Hello. I spend a whole lotta money (which is relative as I don’t make a lotta money) on the whole lotta tools required to be a competent working musician. Guitar amplifiers, PA systems, microphones, and the guitars themselves are the main big-ticket items. When these things get sick, it takes money to revive them. But all this gear is worthless without those little accessories that make these big-ticket items work. Guitars need strings, stomp boxes need batteries and adapters, pots (a.k.a. potentiometers) require replacements and input jacks short out, and guitar cables that claim to never crap out, crap out. Guitar cables have always been the bane of my existence. When they short out I’m cooked. When it happens in a live setting (and the law of averages dictates that the more often you do something, the greater chance of some type of deviation) I’ll swap it out quickly. In the past, after the gig when I unload, I’d add the junk cable to the massive knot of dead cables; the knot slowly growing with each dead cable added. Then I would buy a new one to replace the shorted out one, vowing to stop getting cables from Hong Kong and to spend more money on cables of a higher calibre. The last expensive cables I bought locally cost as much as about 15 crap cables, but it would be worth it to be able to play with confidence that I wouldn’t short out. There is a total value in playing with confidence. I have backups of everything.
I had a guy in my bunker ask why I had a massive knot of instrument cables. I told him they were junk and I was just waiting until the knot was big enough so I could just roll it to the top of a hill and give it one push, sending it rolling, picking up speed before splashing into the river where it would bob up and down and disappear down the mighty and historic Ottawa.

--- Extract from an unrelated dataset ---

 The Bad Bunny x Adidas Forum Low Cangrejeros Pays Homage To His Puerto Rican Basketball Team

He looked at me like the monster I had become. “Why don’t you just fix them. It’s not rocket science, man. Or just make your own?”
Fast forward
After a few DIY Youtube videos and some minor start-up investments (soldering iron, solder, some multi-armed cable holder thingy with a lighted magnifying glass, shrink tubing (for years I’ve been looking for an excuse to buy massive amounts of shrink tubing), tweezers, scalpels and replacement jacks), I set in to repair and reuse.

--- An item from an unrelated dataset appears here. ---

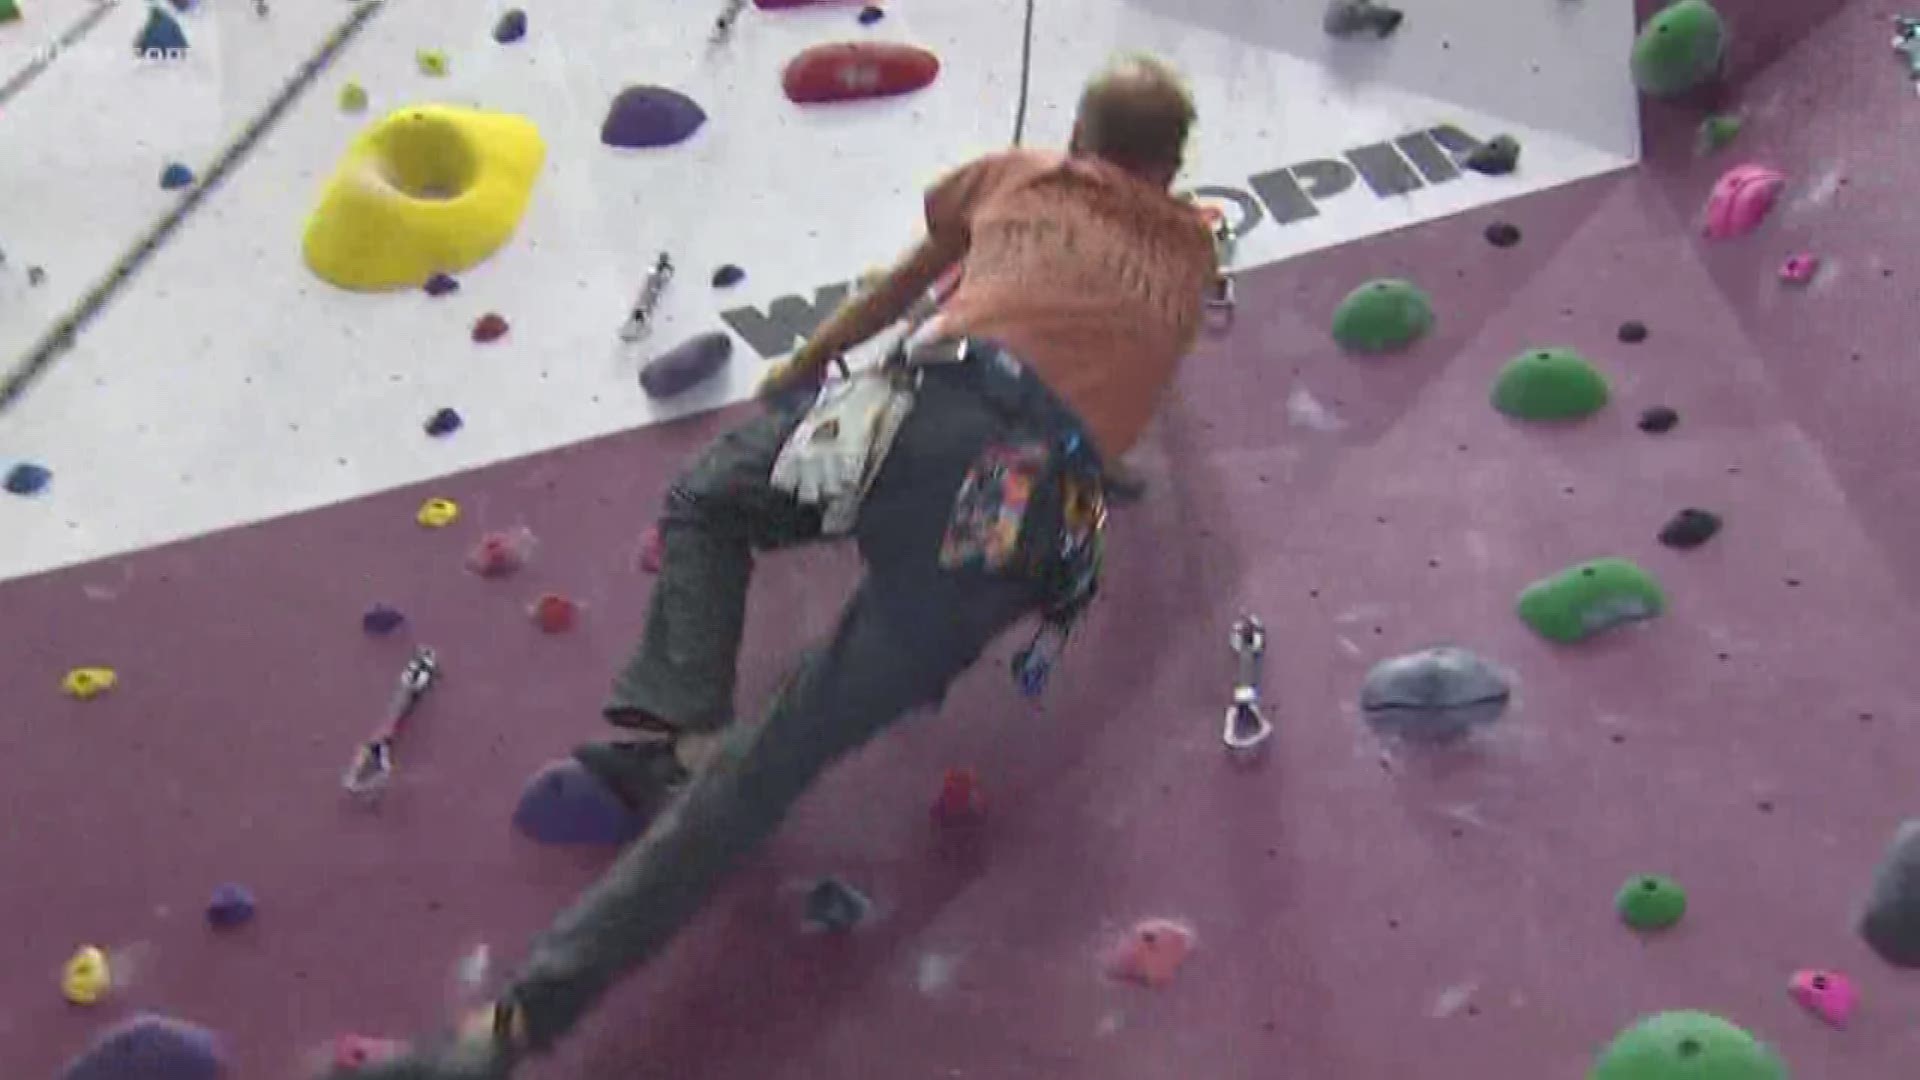 It is almost Memorial Day Weekend, and if you're looking for a way to get out of the heat, we have an idea for you. Our Ruben Galvan is rock climbing this morning indoors in Katy.

I fired up the soldering thing and set the dial to EXTREMELY HOT AND DANGEROUS. Waiting, I was tempted to just touch the tip real quick to see if it was ready to rock. I didn’t. I learned about tinning the wires with small amounts of solder, and how less is better. Globs and blobs of solder are not ideal. Watching solder liquefy would turn into kind of a Zen thing. Very relaxing. But not initially. My first attempt resulted with me burning a massive hole clear through my palm, round enough in diameter to fit a gold coin and clean enough to see right thorough it. I fixed the hand hole by filling the gaping wound a big glob of solder. After the solder cooled, effectively cauterizing the wound, I managed to solder one end of the cable to a rake by mistake. (I was using a neighbor’s work shed — my wife didn’t think I should solder anything in the house in case I started a fire). Then for reason’s still unclear, the work shed caught fire. Poof. Burned to the ground. Levelled. I barely escaped with my life, trailing behind a rake soldered to one end of a guitar cable.

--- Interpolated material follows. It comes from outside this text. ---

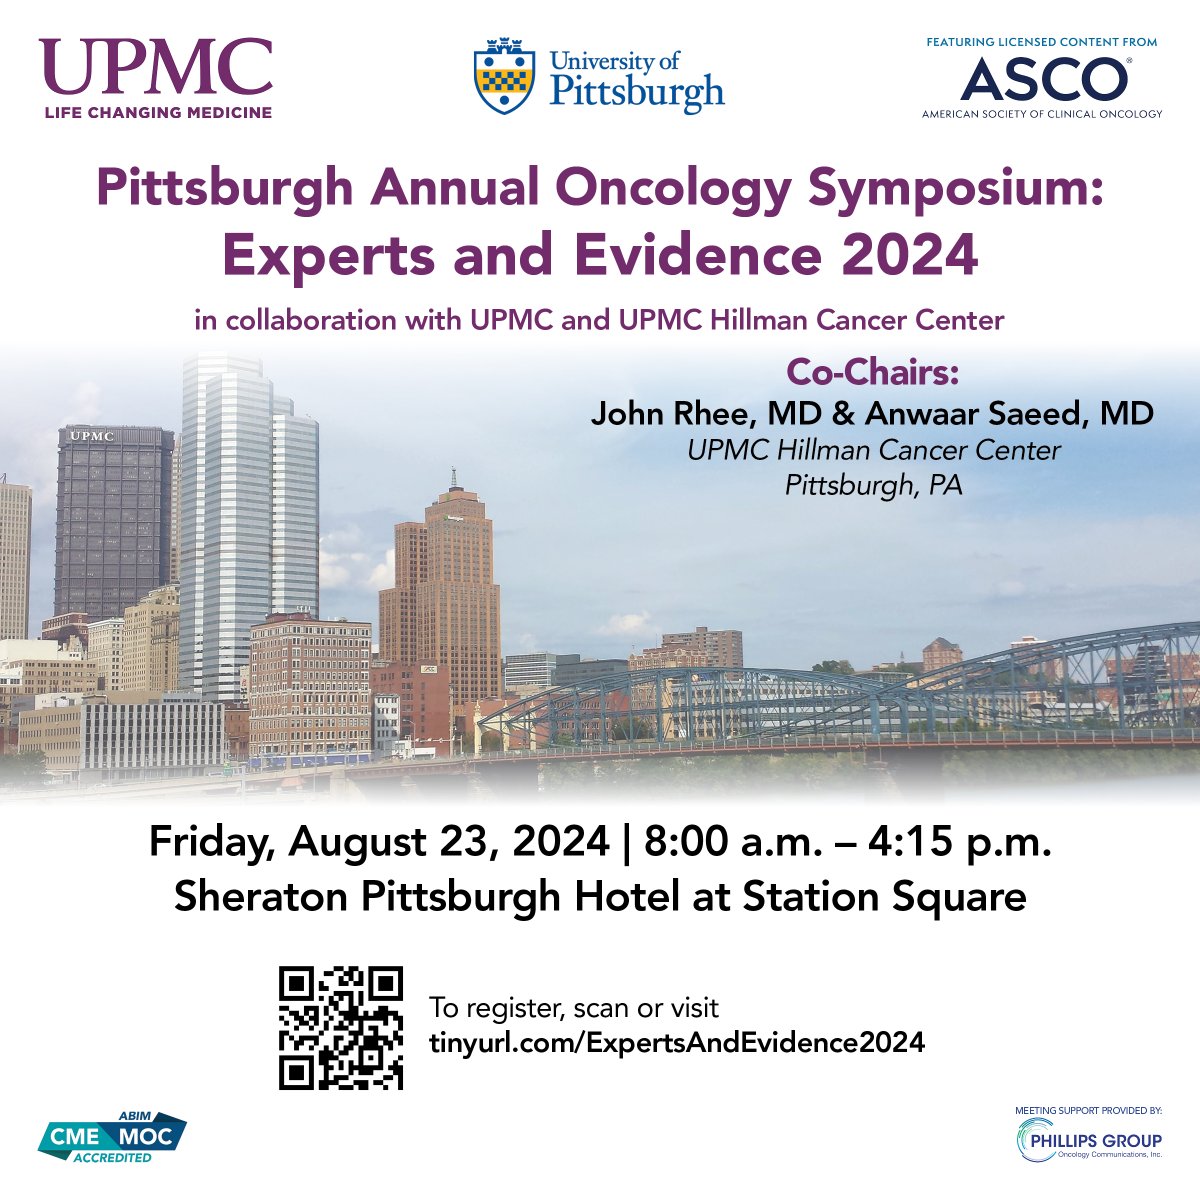 Stephen V. Liu: Pittsburgh Annual Oncology Symposium Experts and Evidence 2024

My neighbour was not at home when his shed was leveled by fire. He was out on a six-week run west in Ft McMurray. When he did come home he asked me some stuff about his shed, but I feigned total ignorance. He seemed suspicious. I could tell when he said “I’m suspicious.” I suggested that the fire could have been set by the neighbor with whom he had been feuding with since the incident when his fence was damaged by someone on a riding lawnmower. “Retaliation arson?”
Since the burning of my neighbour’s shed, after some trial and error I’m getting good at soldering and fixing my damaged cables. I’m now learning a little about electricity, and the nuances of different gauges of wires and how they translate into the difference between a noisy cable and quite cable when plugged in. I’m at the point now where I am buying instrument cable in bulk and making my own custom cables. There us a 600-pound spool of Mogami cable down in my bunker and I now know what this means:
Most musical instrument sound pick-ups, for example those in electric guitars, are comprised of high impedance circuits driven mainly by voltage, with very little electrical current flow. That is why handling noise (microphonics) can be a problem for guitar cables. Microphonic noise is caused by the minute voltage generated when a cable is flexed, stepped on, etc. Guitar cables must be designed to prevent this, so a conductive PVC layer is placed under the shield conductor to drain away this voltage.
I am truly inspirational. I tell people, mostly strangers, that I taught myself how to solder and make guitar cables, and that they should be inspired by my inspirational story of self-improvement. I suggest that I should be declared as a National Treasure. This is when most people just back away slowly, asking that I stop talking to them.